Folding thermodynamics
Standard Monte Carlo simulations allow an estimation of the system's configurational energy and heat capacity at a given temperature (note that by temperature we really mean a reduced temperature, expressed in dimensionless kT units, where k is Boltzmann's constant and T is absolute temperature). To obtain the average energy and to identify the transition temperature, long simulations (MCD) were performed at several temperatures covering a wide range that certainly contains the folding temperature. The resulting estimates of the system energy and the heat capacity (computed from the energy fluctuations) provide sufficient data for a rough identification of the transition midpoint.
A relatively new Monte Carlo sampling technique (ESMC) allows for the
simultaneous statistical estimation of the energy and entropy in a
single simulation series (Scheraga and Hao, 1999
). Such simulations
are quite expensive, but the obtained data are valid for all
temperatures. Furthermore, from ESMC, one obtains an estimate of the
partition function, and therefore thermodynamic quantities are
calculated from analytical expressions.
The fact that the same results are obtained from the two simulation
techniques provides a strong validation of the methodology and
indicates that there is no kinetic frustration in the model and that
the results provide "a true" description of the model system. In
Fig. 1, the energy and heat capacity are
plotted as a function of the system temperature. The data from the ESMC
are plotted in the continuous solid curves. The data from MCD (at various specific temperatures) are plotted in the dashed line. The heat
capacity has a higher statistical error than the configurational energy. Data from the two simulation techniques are in good agreement. A small systematic deviation at high temperatures apparently results from a trick used to speed up the ESMC sampling; namely, the population of very high-energy conformations (in the upper part of the random coil
part of energy spectrum) was artificially suppressed. ESMC allows the
calculation of free energy profiles (as a function of the
configurational energy) at various (arbitrarily chosen) temperatures.
At the transition midpoint, the free energy of low-energy and
high-energy states is the same. From the free energy profile (see Fig.
2) at the transition temperature, one can
extract the value of the free energy barrier between the folded and
unfolded states. The height of the barrier is ~0.75kT.

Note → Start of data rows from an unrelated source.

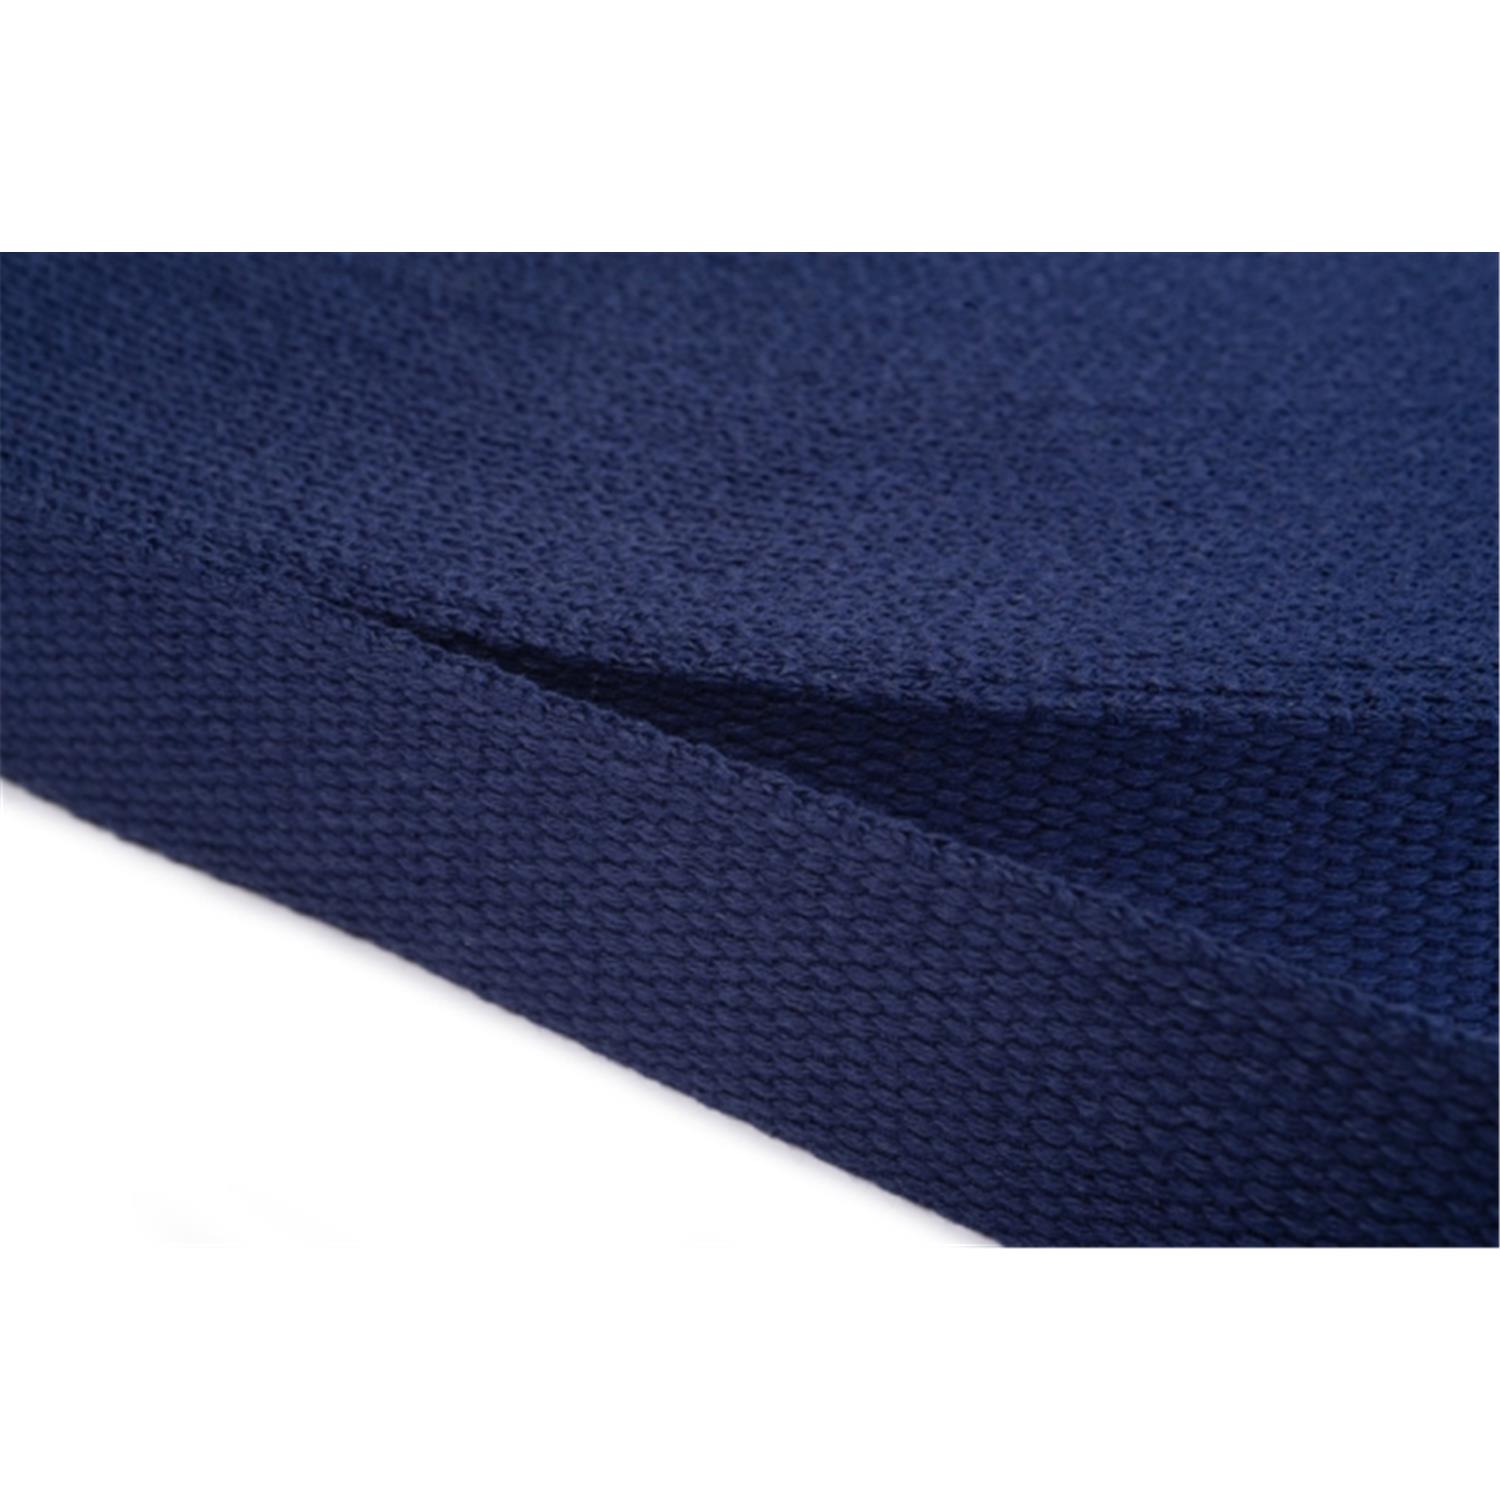 Gurtband aus Baumwolle 15mm in 20 Farben 13 - dunkelblau 6 Meter
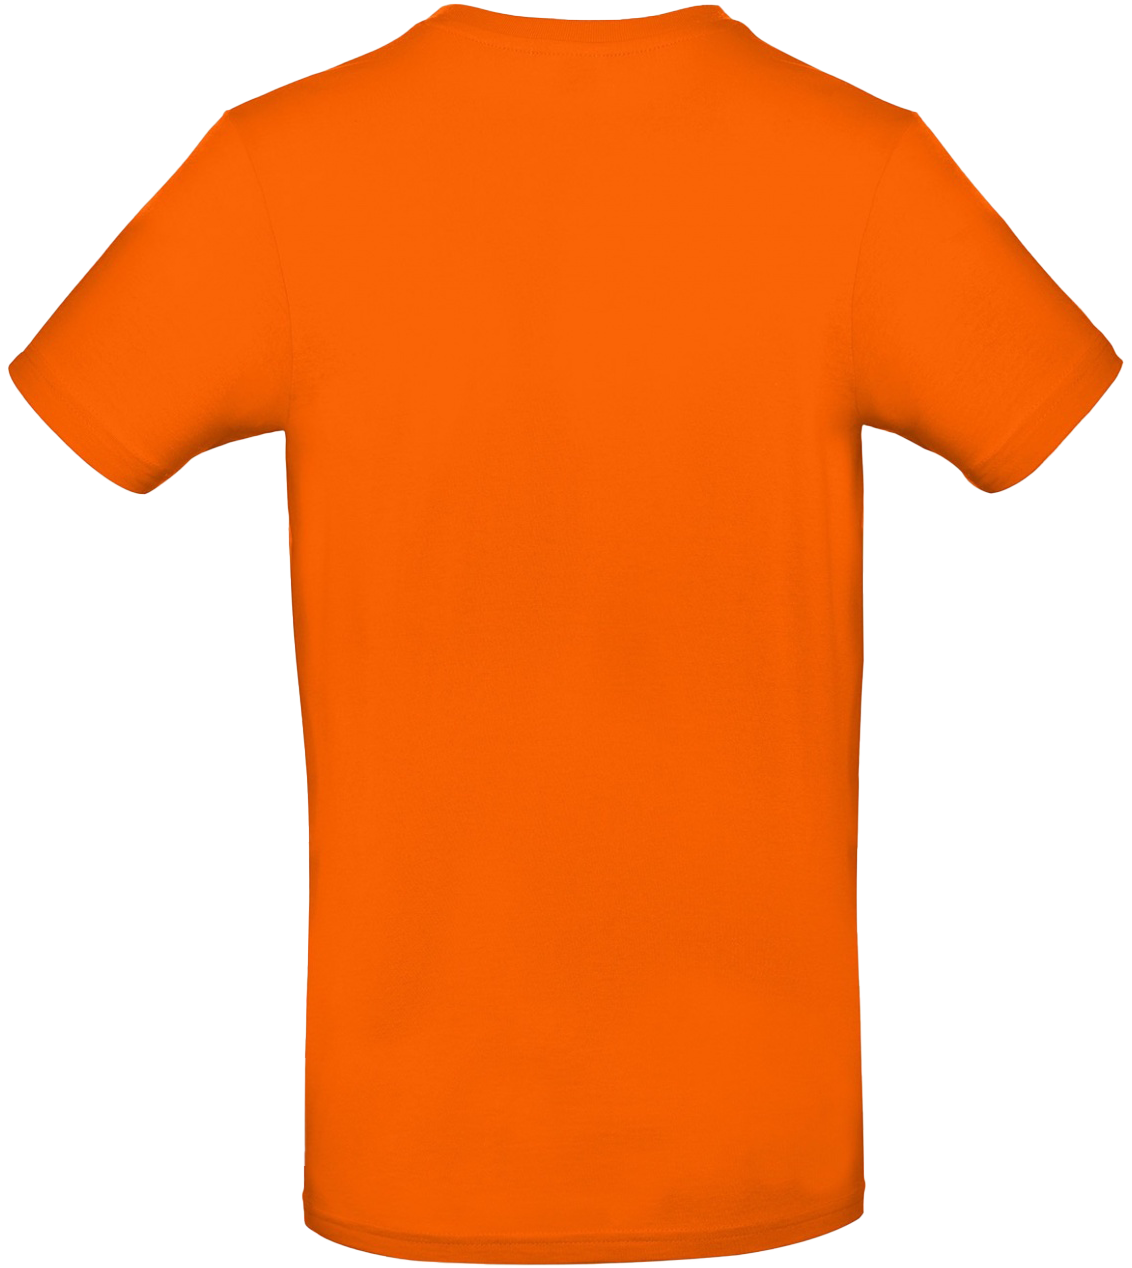 T-shirt E#190 Orange 58
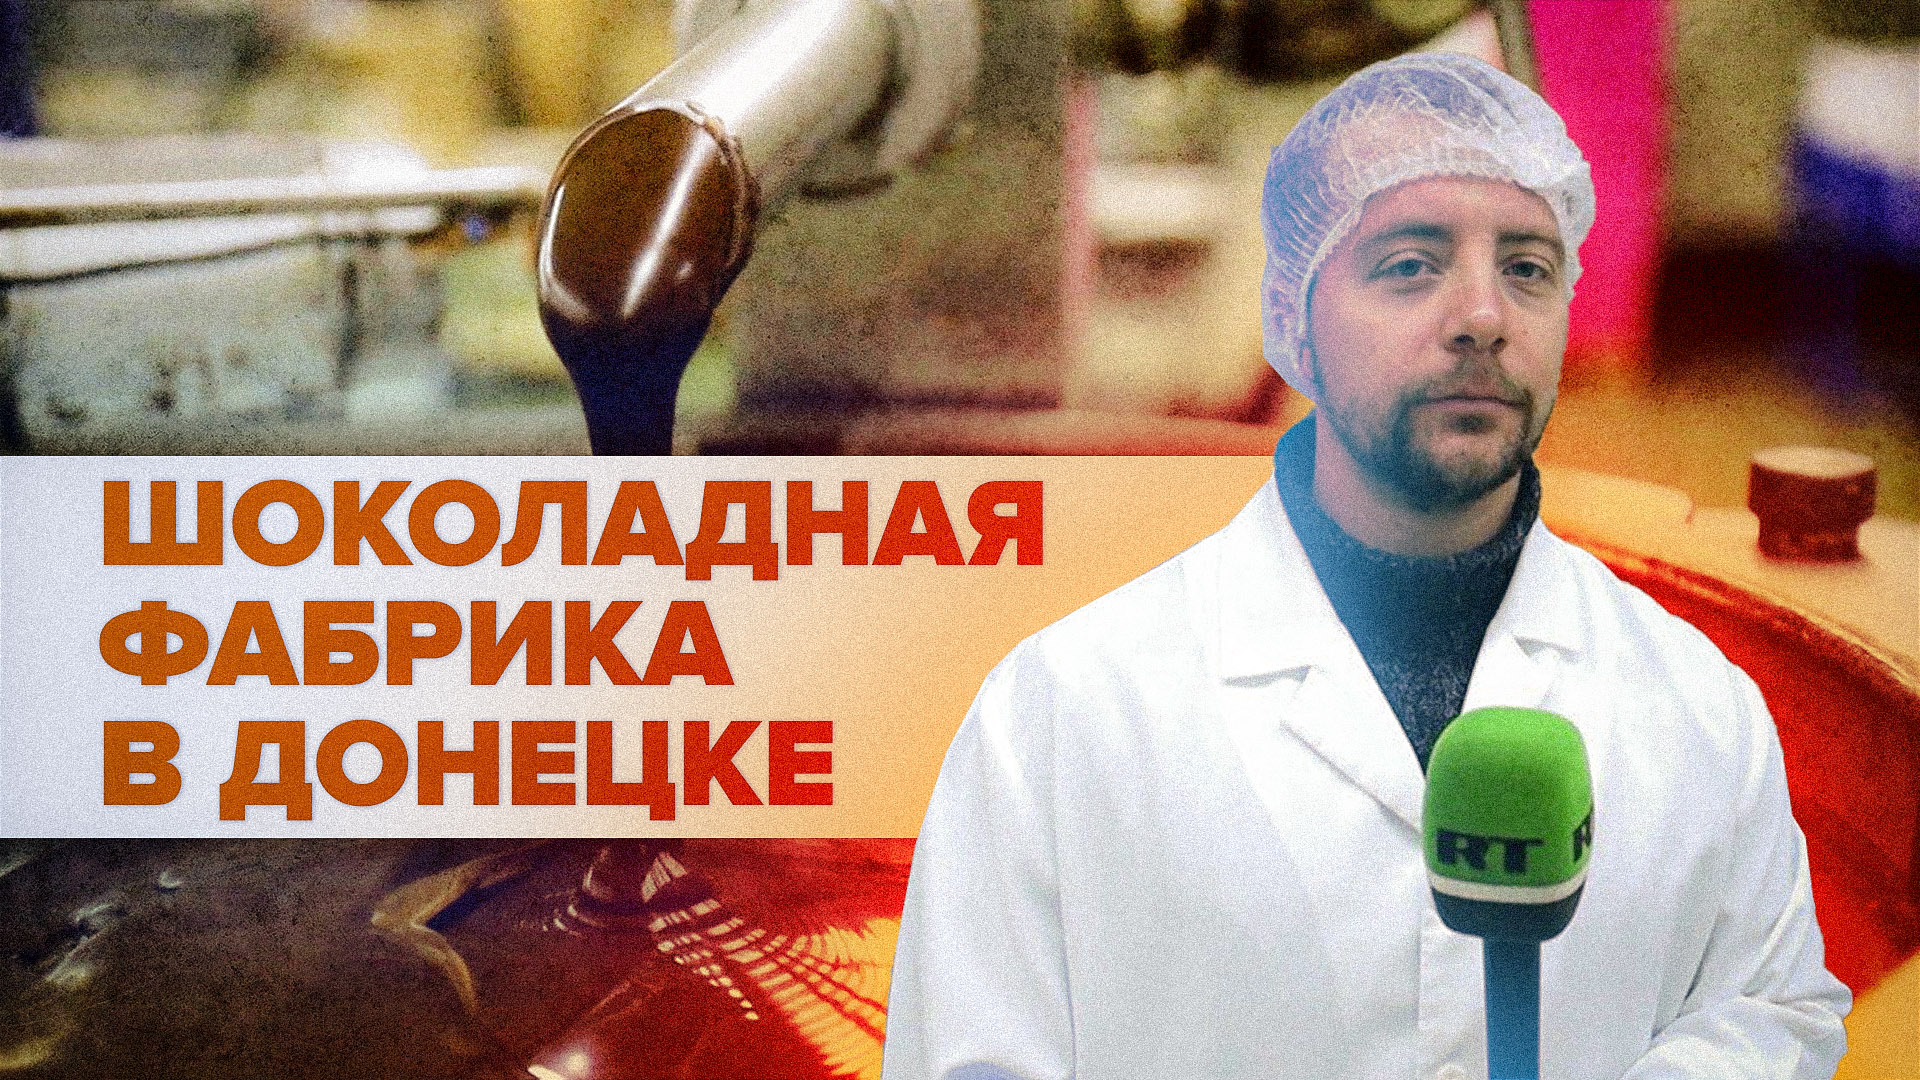 Производство сладостей под обстрелами: как работает шоколадная фабрика в Донецке

This indicates that the system exhibits a weakly cooperative
transition. The population of intermediates at the transition
temperature is therefore low and is ~20% of all conformations. It is
interesting to observe the structural properties of representative
states at various values of the energy. Analysis of the low-energy
states (near the left-hand minimum of the free energy profile) presents
folded conformations that differ from each other with a root mean
square deviation (RMSD) of less than 1 Å. The manifold of unfolded
conformations corresponds to the free energy minimum at high energy.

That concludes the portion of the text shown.